▶ _DATASET EXCERPT_:
++++++++++
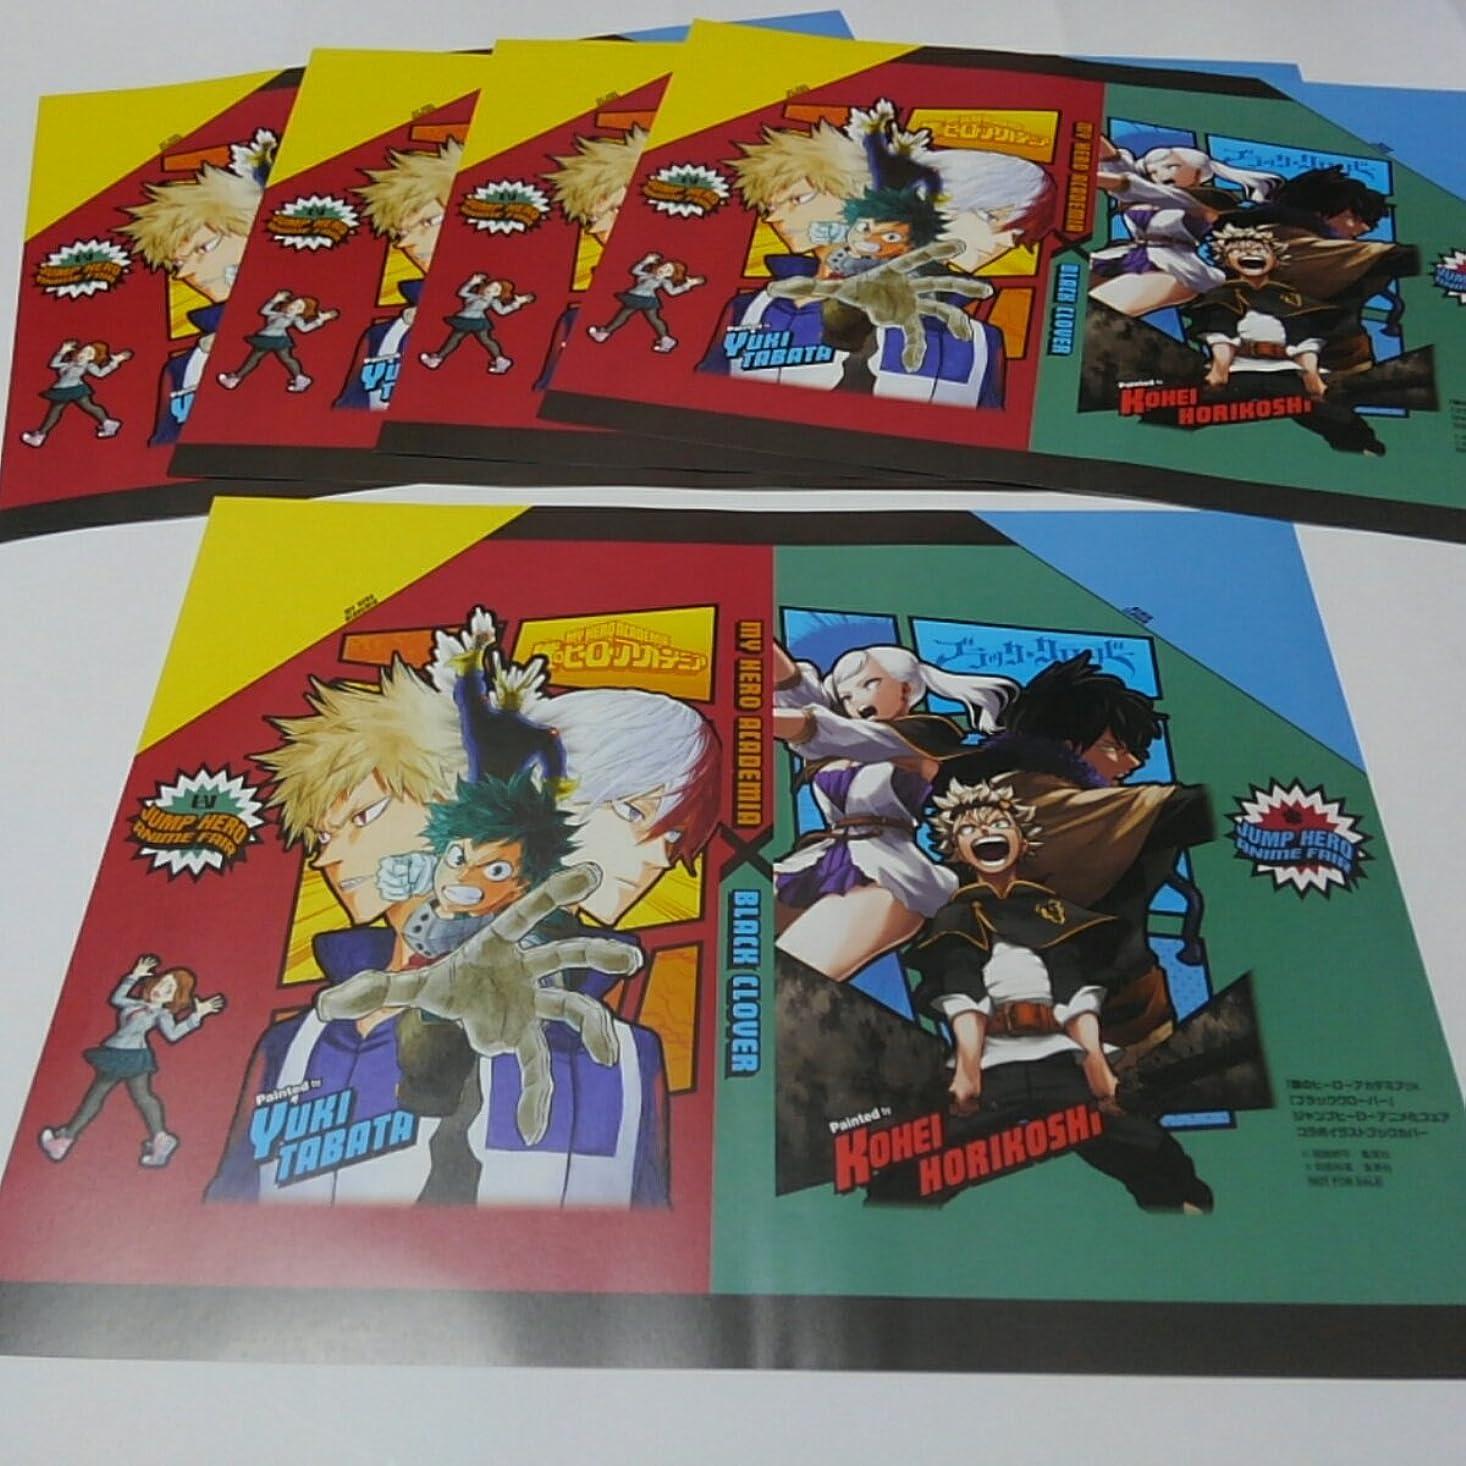 極小政治く僕のヒーローアカデミア ブラッククローバー 特典 ブックカバー 5枚セット アニメ化フェア ノベルティグッズ 少年ジャンプ展 チラシ
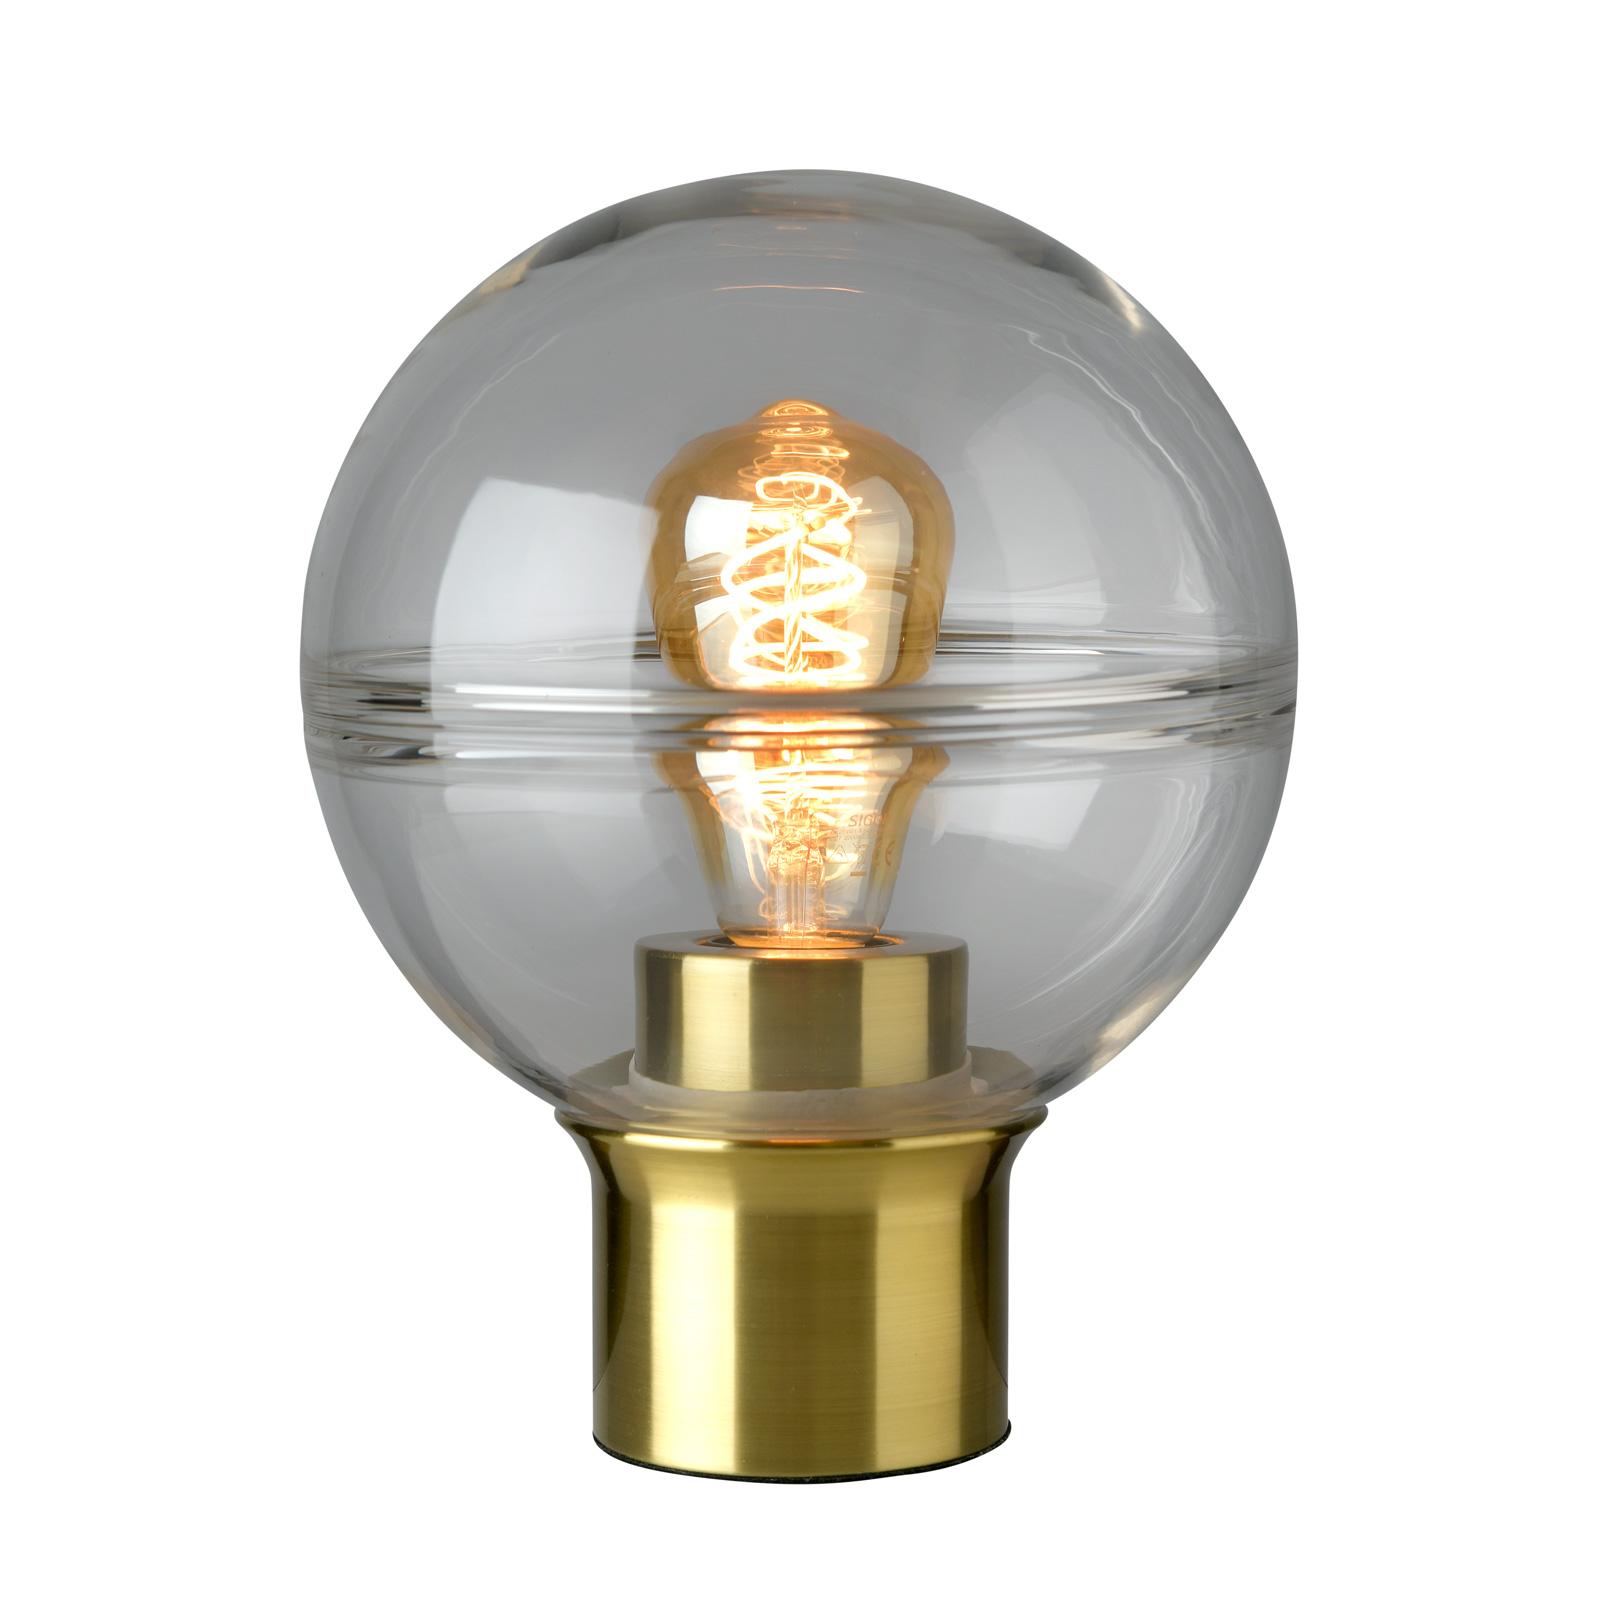 Villeroy & Boch Tokio pöytälamppu, kulta Ø 20 cm
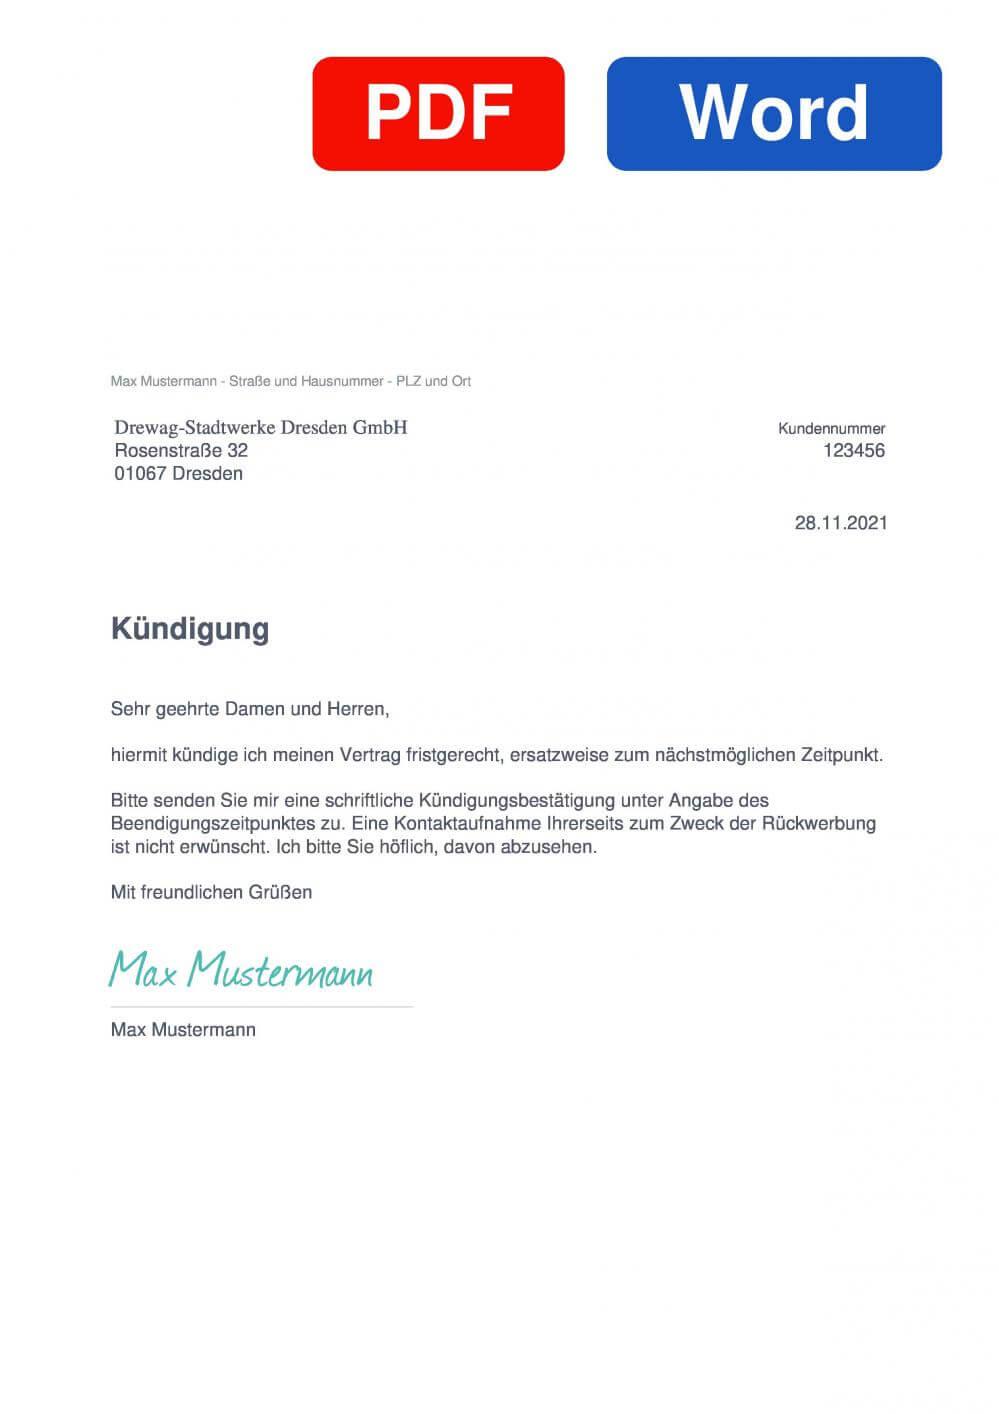 DREWAG Muster Vorlage für Kündigungsschreiben
++++++++++
▶ _PROMPT_: Your copy should consist only of the lines from the line holding "Villeroy & Boch" through the final line of the listing above, both included, with all pictures omitted.

▶ _RESPONSE TO THIS EXERCISE_:
 Villeroy & Boch Tokio pöytälamppu, kulta Ø 20 cm
 DREWAG Muster Vorlage für Kündigungsschreiben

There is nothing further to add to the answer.